◆ Input data ◆
--- START ---

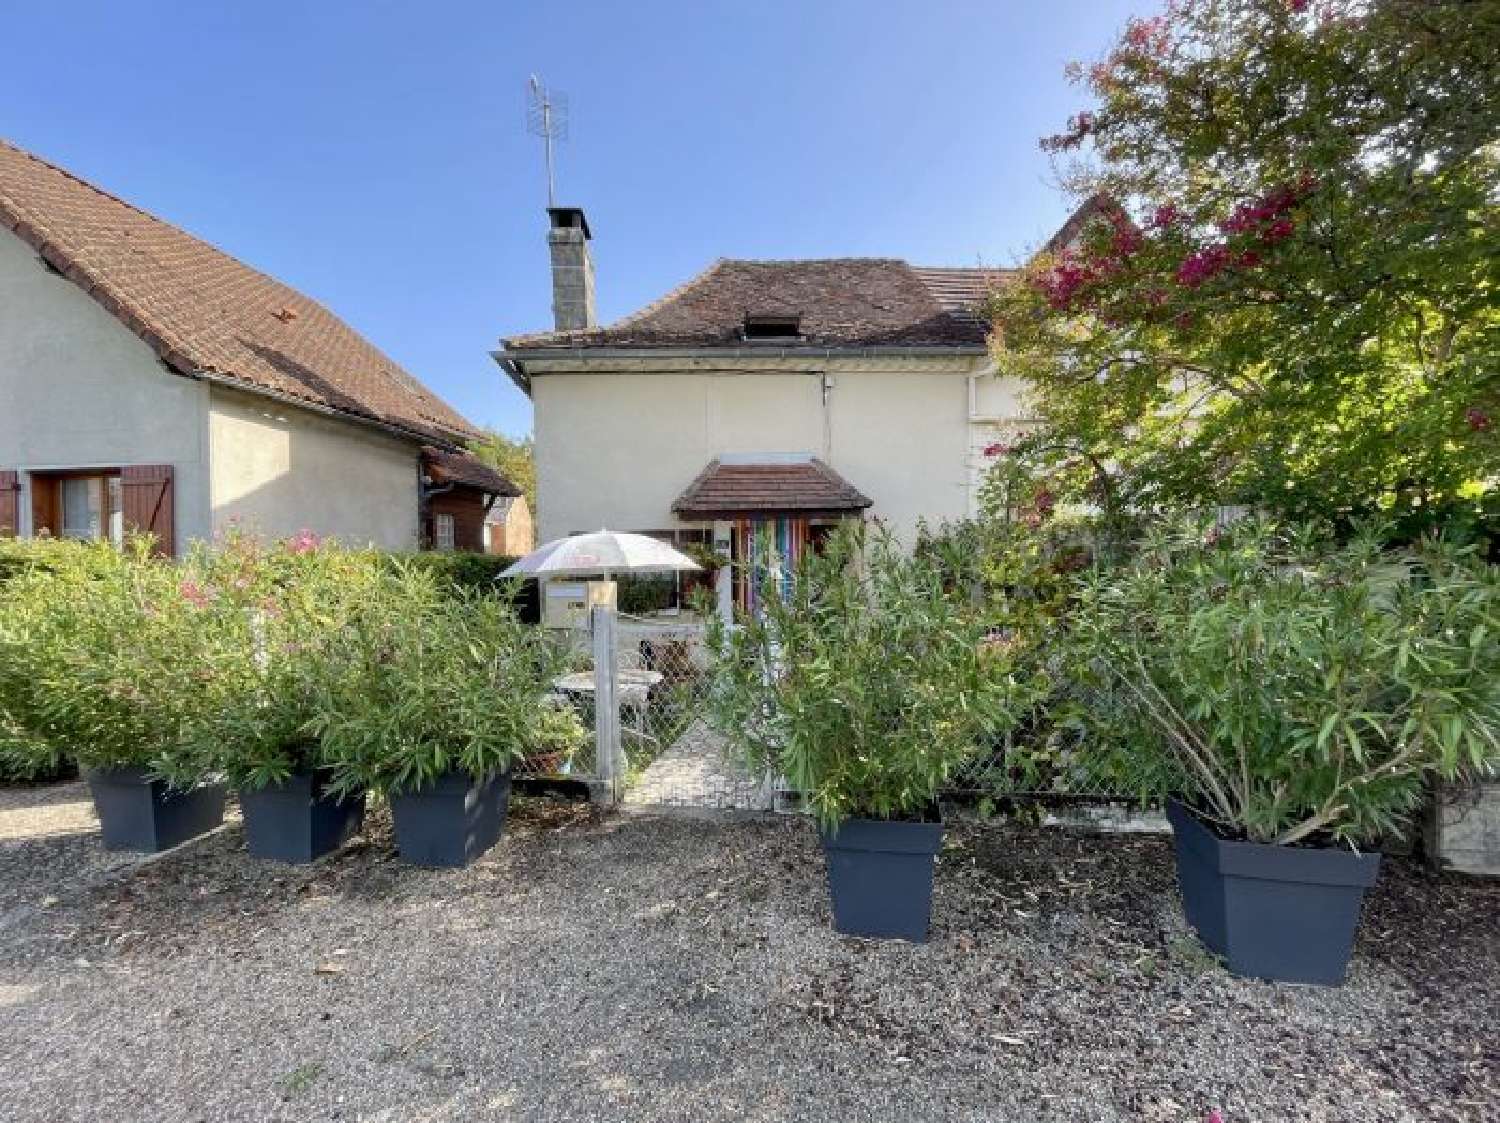  for sale house Corgnac-sur-l'Isle Dordogne 3
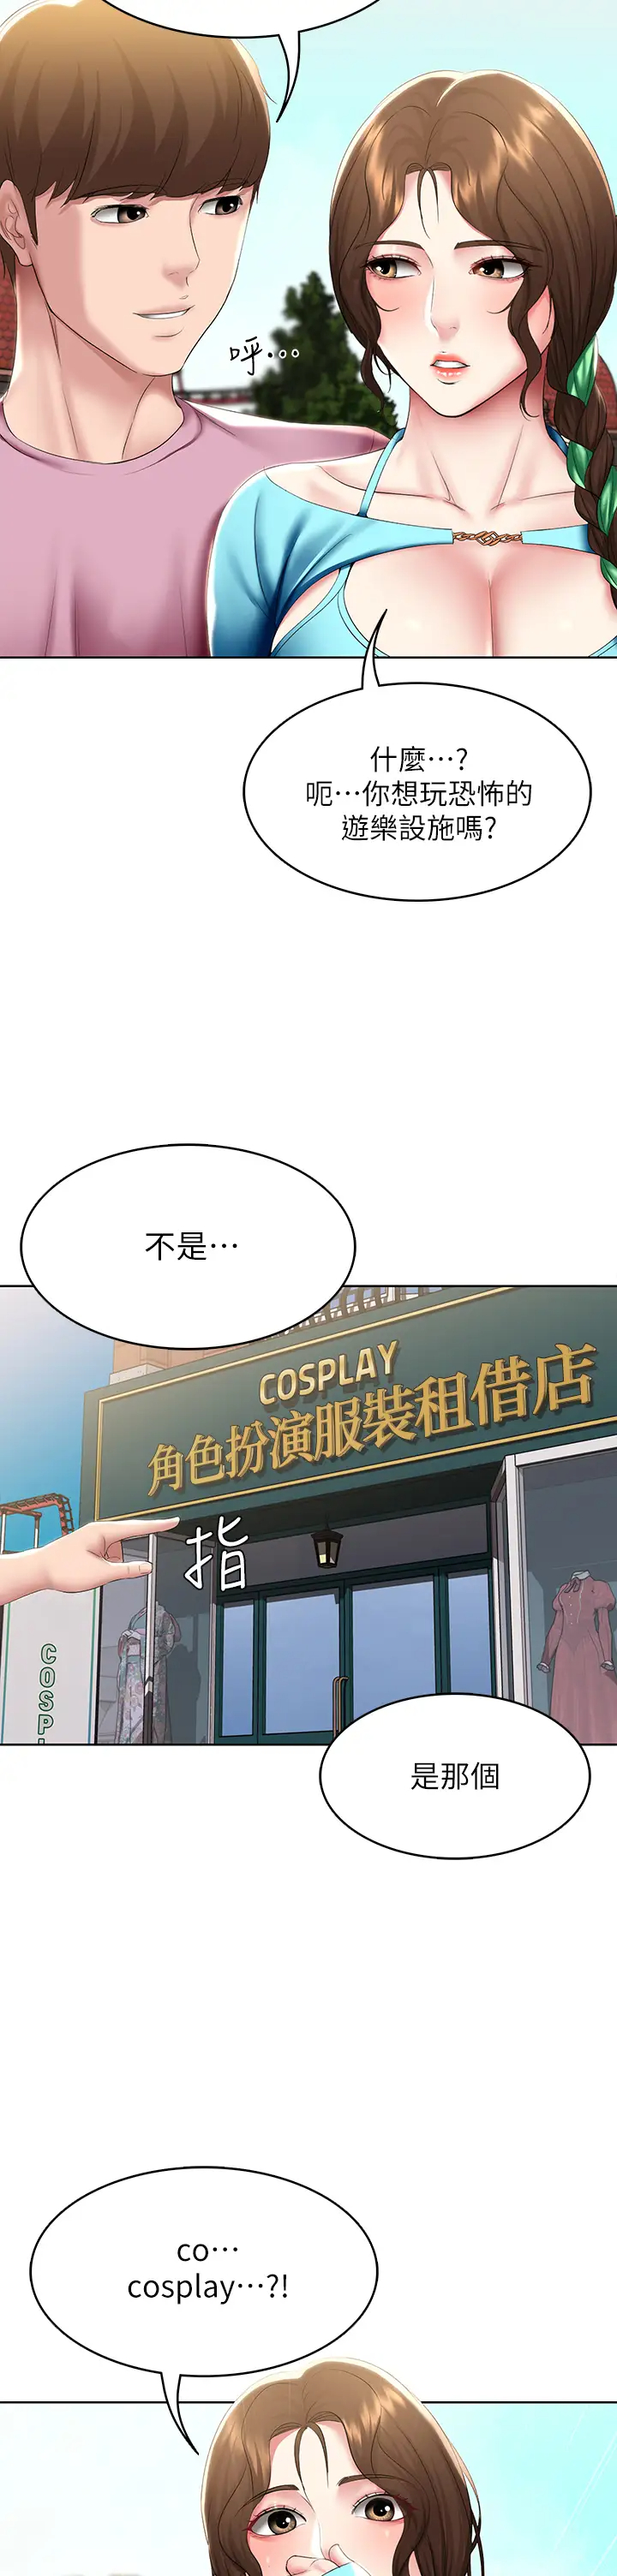 韩国污漫画 寄宿日記 第105话淫乱的cosplay约会 2
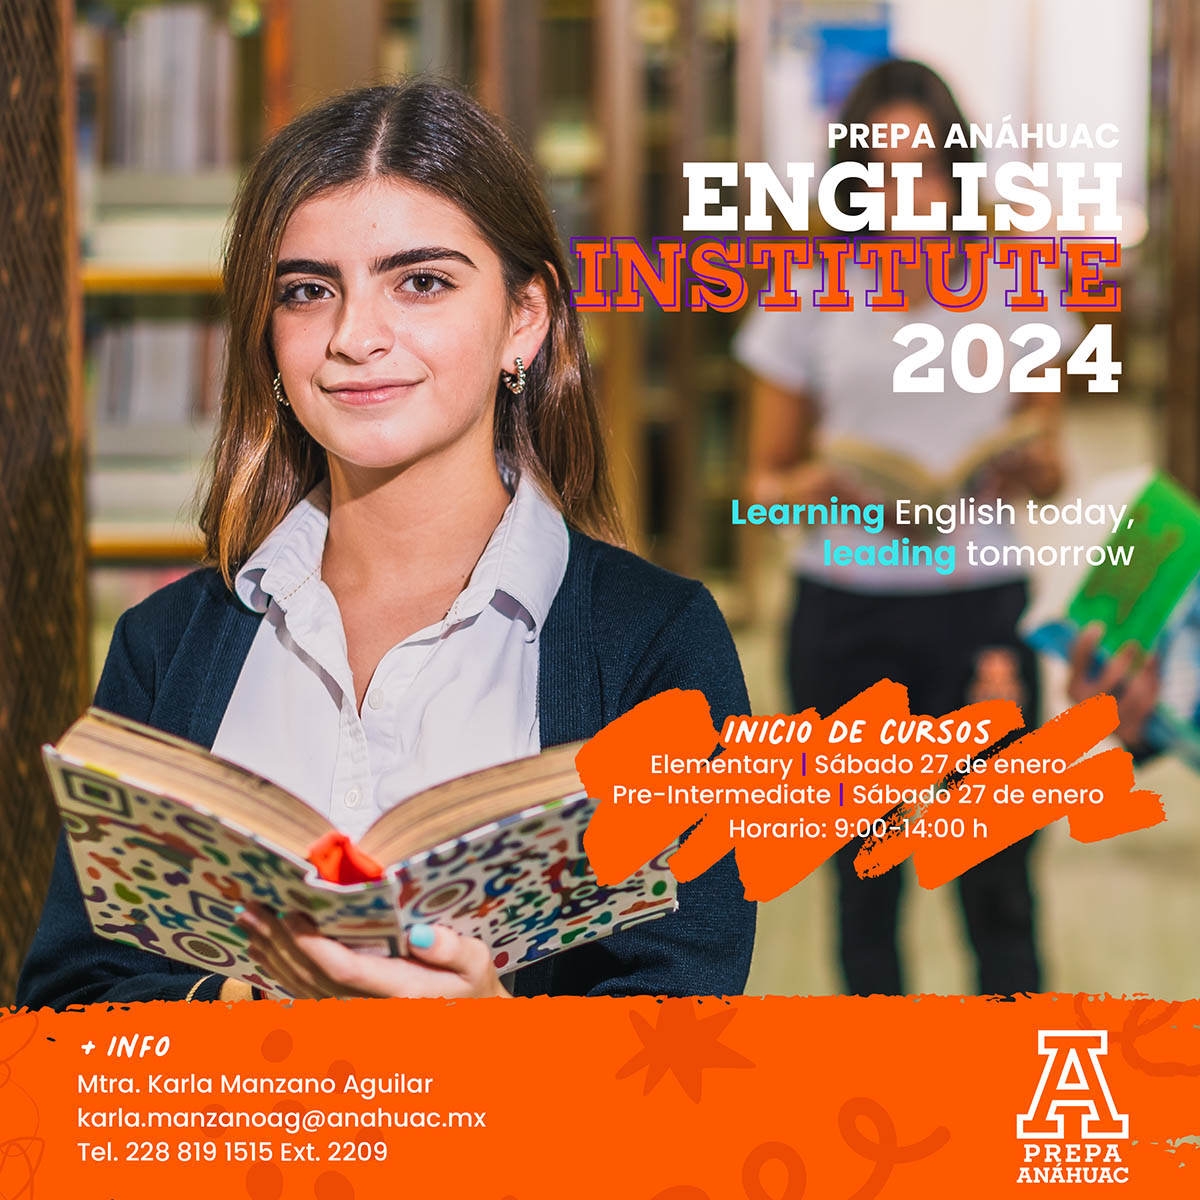 English Institute 2024

--- END ---

Return the data exactly as it stands, minus the pictures.

  for sale house Corgnac-sur-l'Isle Dordogne 3
 韩国污漫画 寄宿日記 第105话淫乱的cosplay约会 2
 English Institute 2024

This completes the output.